Architecture Approaches

架构方案

ApproachProsConsBest For
Joint Embedding (CLIP)Direct comparisonLimited contextPure image search
Caption-basedWorks with text LLMsLossy conversionExisting text RAG
HybridBest accuracyMore complexProduction systems
方案优势劣势适用场景
联合嵌入(CLIP)可直接对比上下文长度有限纯图片搜索
基于标题描述兼容文本大语言模型转换过程存在信息损失已有文本RAG系统
混合方案精度最优实现复杂度更高生产级系统

Embedding Models ()

嵌入模型 ()

ModelContextModalitiesBest For
Voyage multimodal-332K tokensText + ImageLong documents
SigLIP 2StandardText + ImageLarge-scale retrieval
CLIP ViT-L/1477 tokensText + ImageGeneral purpose
ImageBindStandard6 modalitiesAudio/video included
ColPaliDocumentText + ImagePDF/document RAG
模型上下文长度支持模态适用场景
Voyage multimodal-332K tokens文本 + 图片长文档处理
SigLIP 2标准长度文本 + 图片大规模检索
CLIP ViT-L/1477 tokens文本 + 图片通用场景
ImageBind标准长度6种模态含音频/视频的场景
ColPali文档级文本 + 图片PDF/文档RAG

CLIP-Based Image Embeddings

基于CLIP的图片嵌入

python
import torch
from PIL import Image
from transformers import CLIPProcessor, CLIPModel
python
import torch
from PIL import Image
from transformers import CLIPProcessor, CLIPModel

Load CLIP model

Load CLIP model

model = CLIPModel.from_pretrained("openai/clip-vit-large-patch14") processor = CLIPProcessor.from_pretrained("openai/clip-vit-large-patch14")
def embed_image(image_path: str) -> list[float]: """Generate CLIP embedding for an image.""" image = Image.open(image_path) inputs = processor(images=image, return_tensors="pt")
with torch.no_grad():
    embeddings = model.get_image_features(**inputs)

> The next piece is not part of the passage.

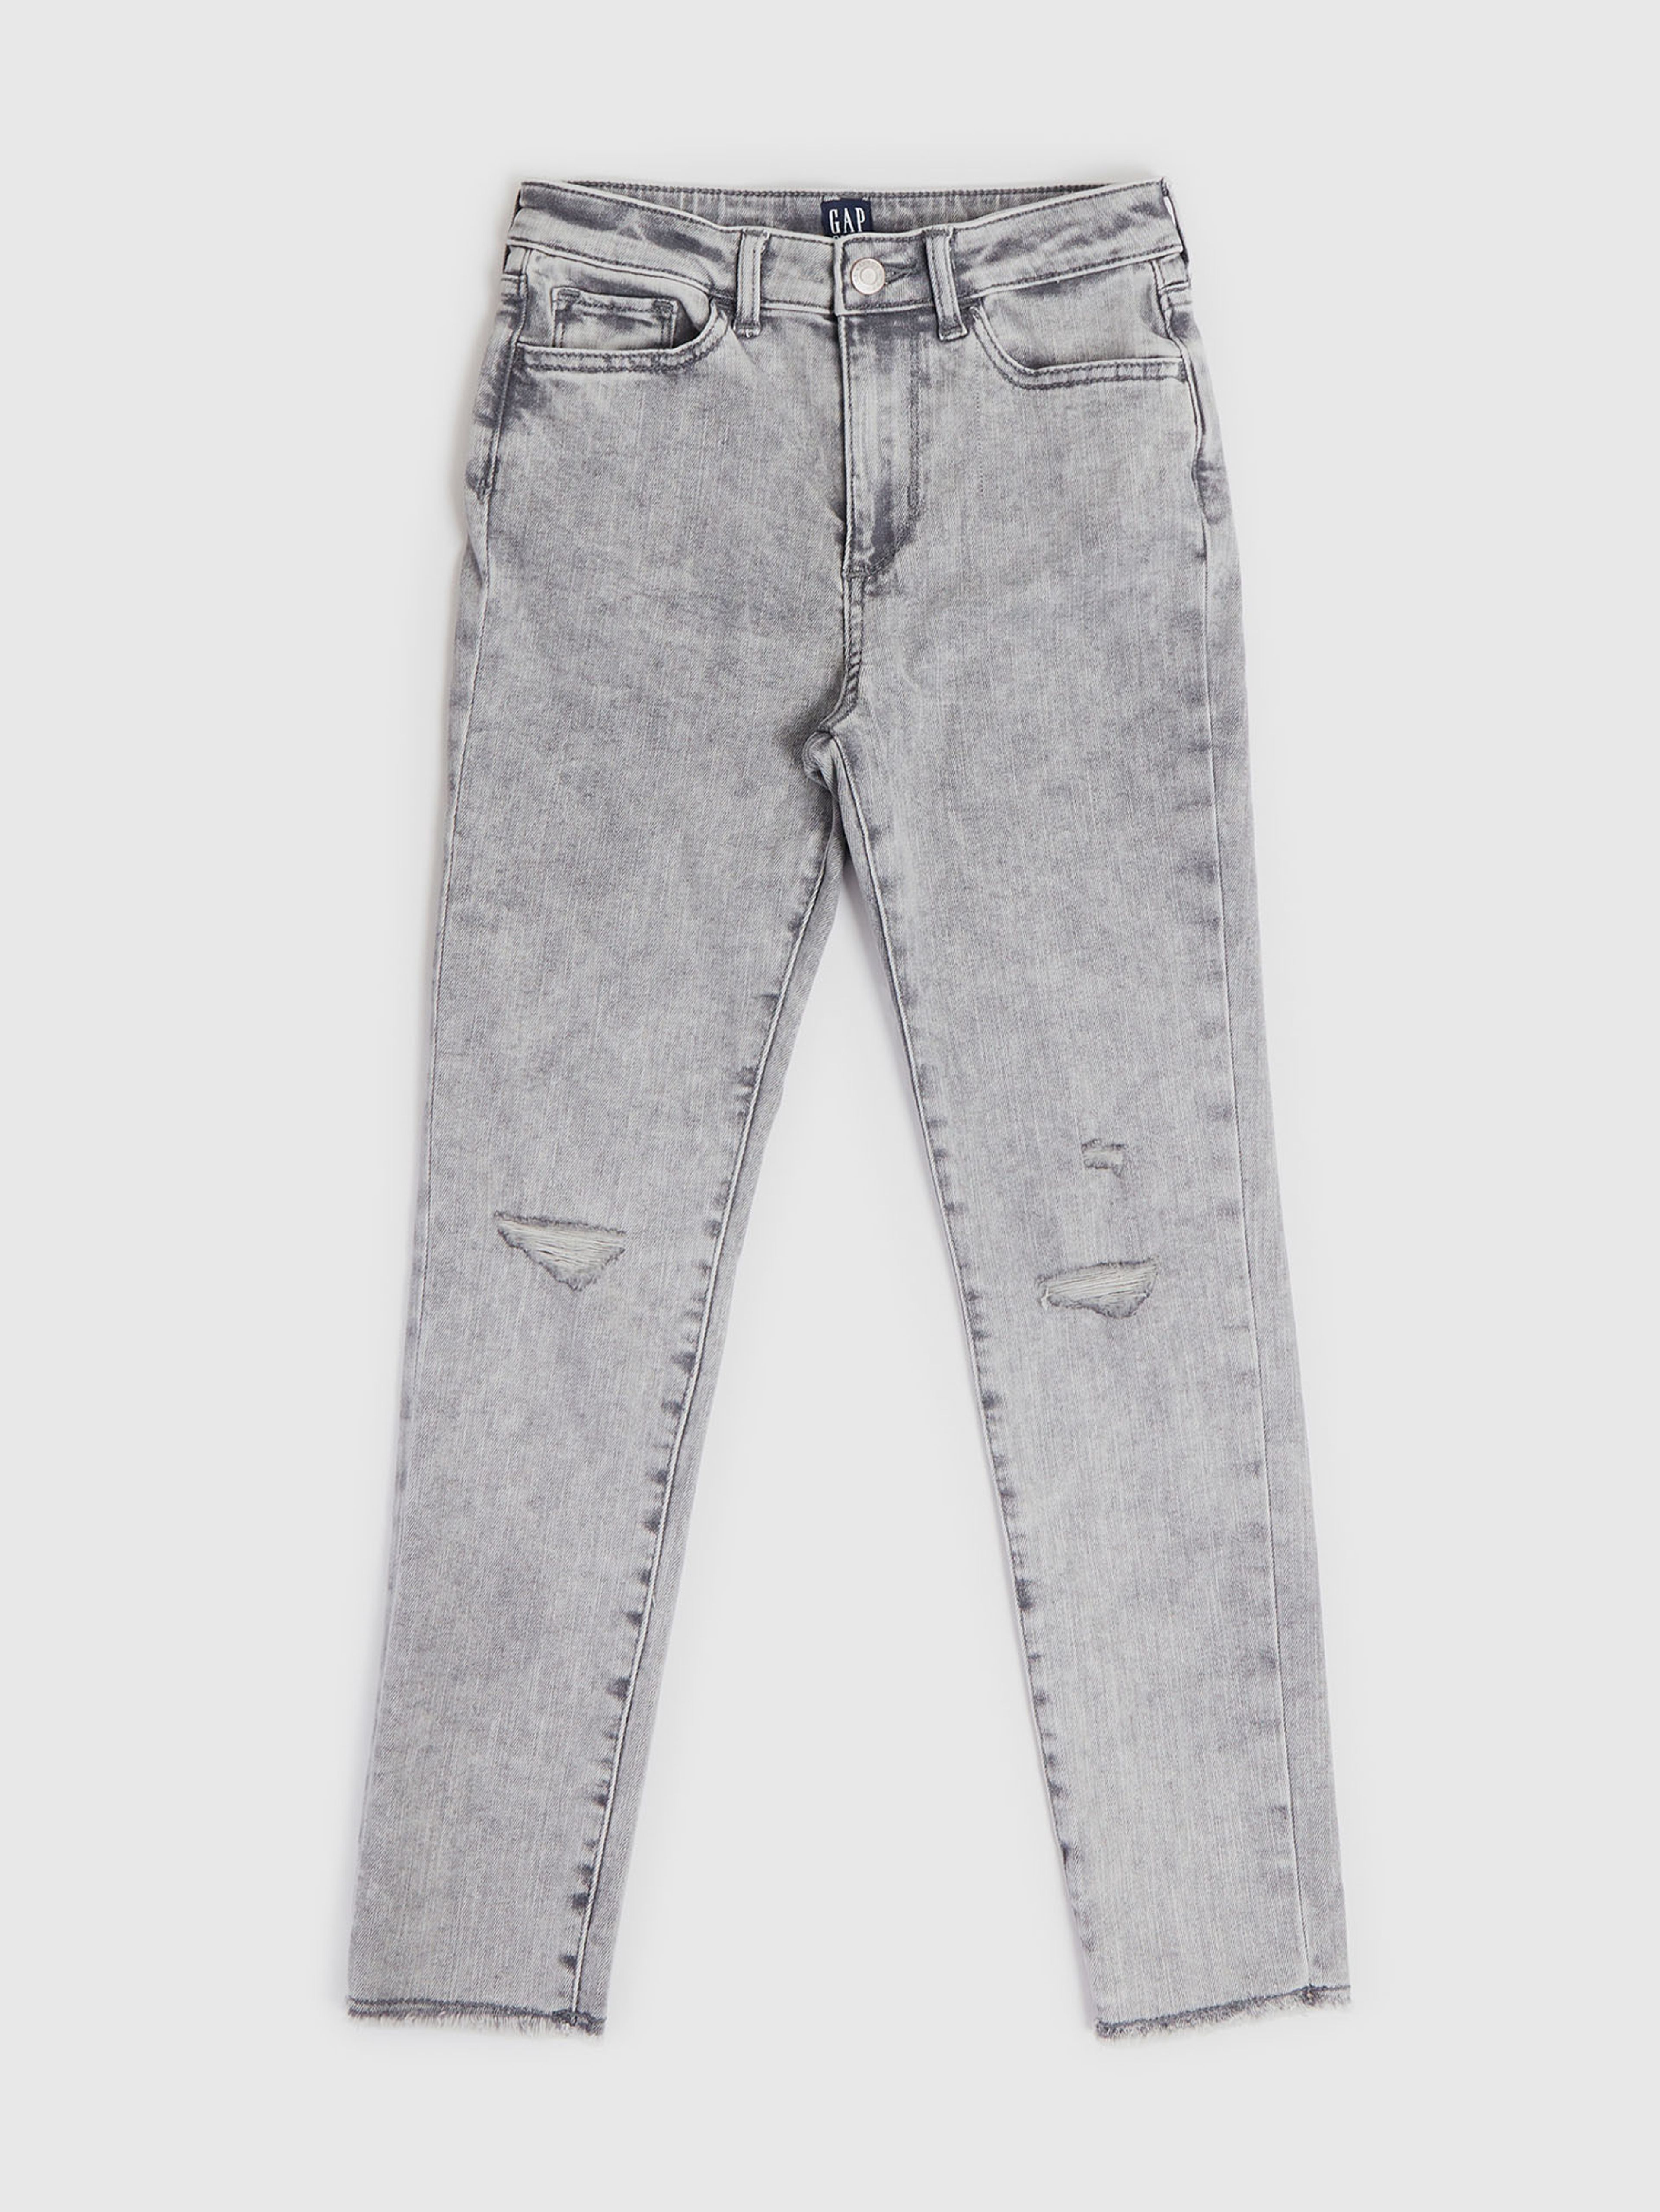 Kinder-Jeans mit hoher Taille

# Normalize for cosine similarity
embeddings = embeddings / embeddings.norm(dim=-1, keepdim=True)
return embeddings[0].tolist()
def embed_text(text: str) -> list[float]: """Generate CLIP embedding for text query.""" inputs = processor(text=[text], return_tensors="pt", padding=True)
with torch.no_grad():
    embeddings = model.get_text_features(**inputs)

embeddings = embeddings / embeddings.norm(dim=-1, keepdim=True)
return embeddings[0].tolist()
model = CLIPModel.from_pretrained("openai/clip-vit-large-patch14") processor = CLIPProcessor.from_pretrained("openai/clip-vit-large-patch14")
def embed_image(image_path: str) -> list[float]: """Generate CLIP embedding for an image.""" image = Image.open(image_path) inputs = processor(images=image, return_tensors="pt")
with torch.no_grad():
    embeddings = model.get_image_features(**inputs)

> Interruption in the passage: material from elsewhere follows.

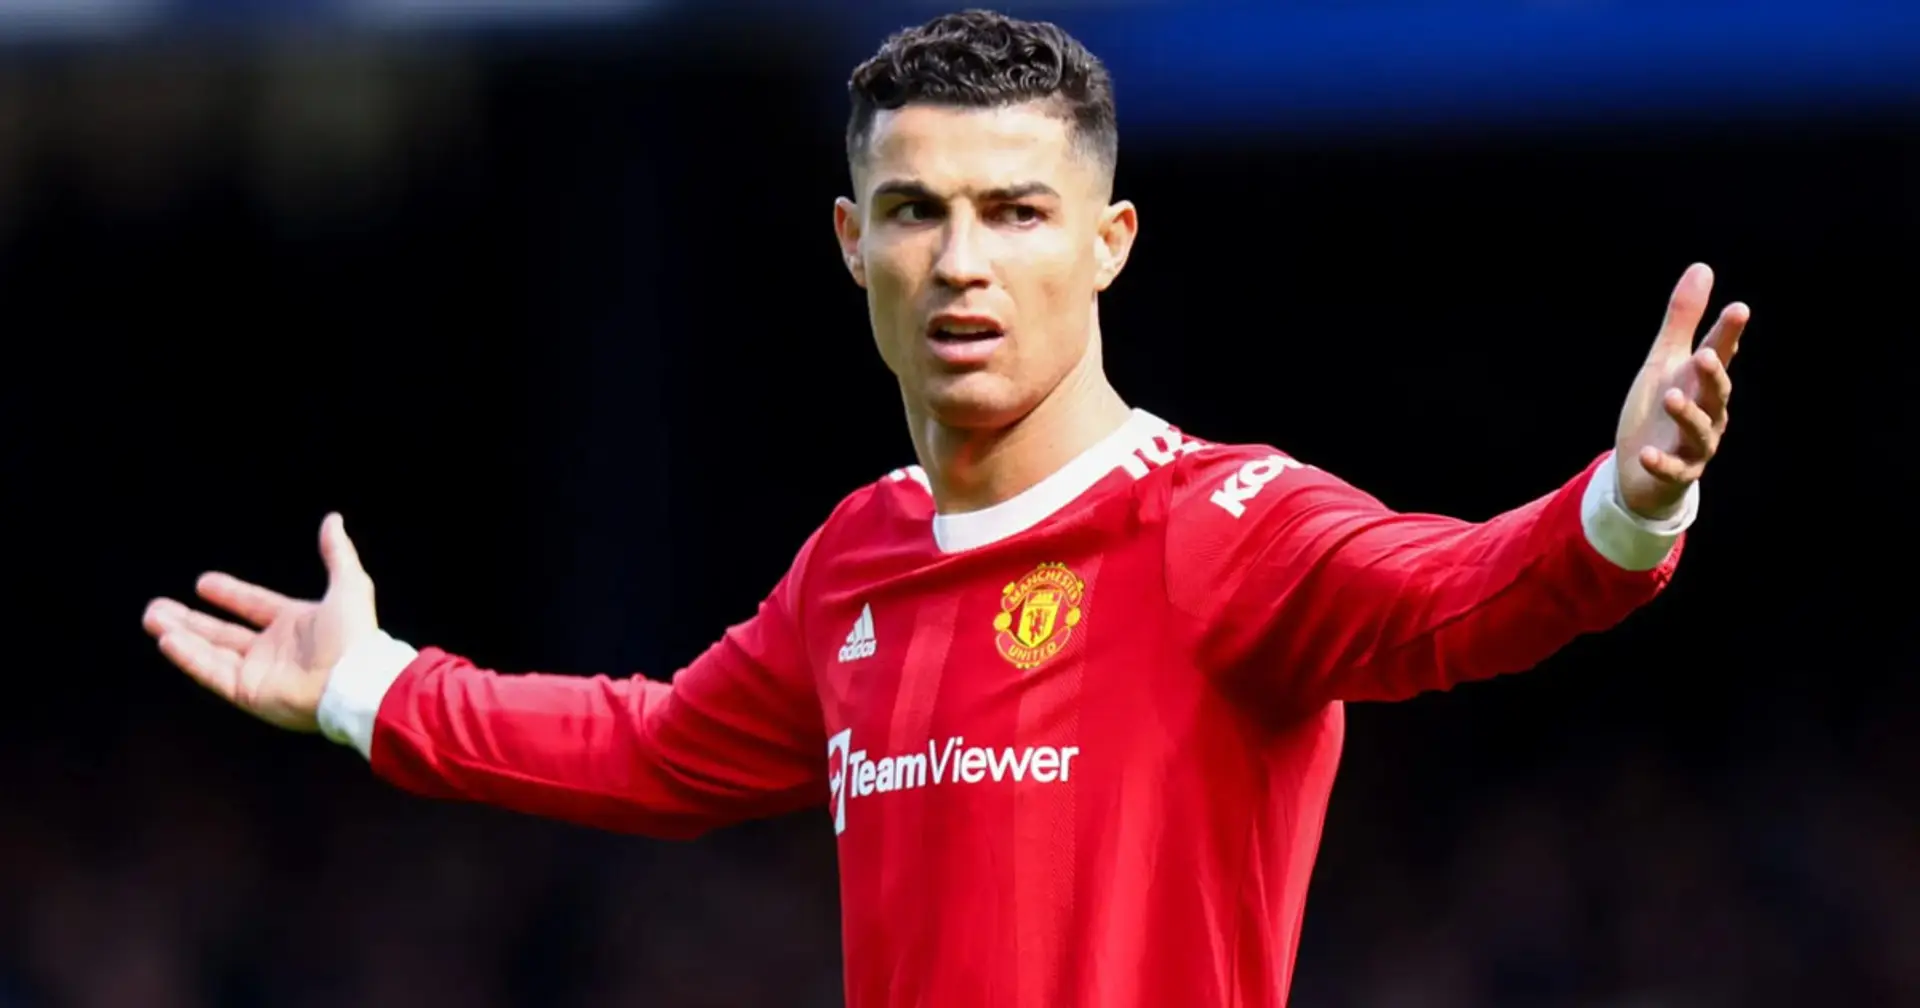 Senior United figures want Ronaldo to be sold if Ten Hag takes over (reliability: 3 stars)

# Normalize for cosine similarity
embeddings = embeddings / embeddings.norm(dim=-1, keepdim=True)
return embeddings[0].tolist()
def embed_text(text: str) -> list[float]: """Generate CLIP embedding for text query.""" inputs = processor(text=[text], return_tensors="pt", padding=True)
with torch.no_grad():
    embeddings = model.get_text_features(**inputs)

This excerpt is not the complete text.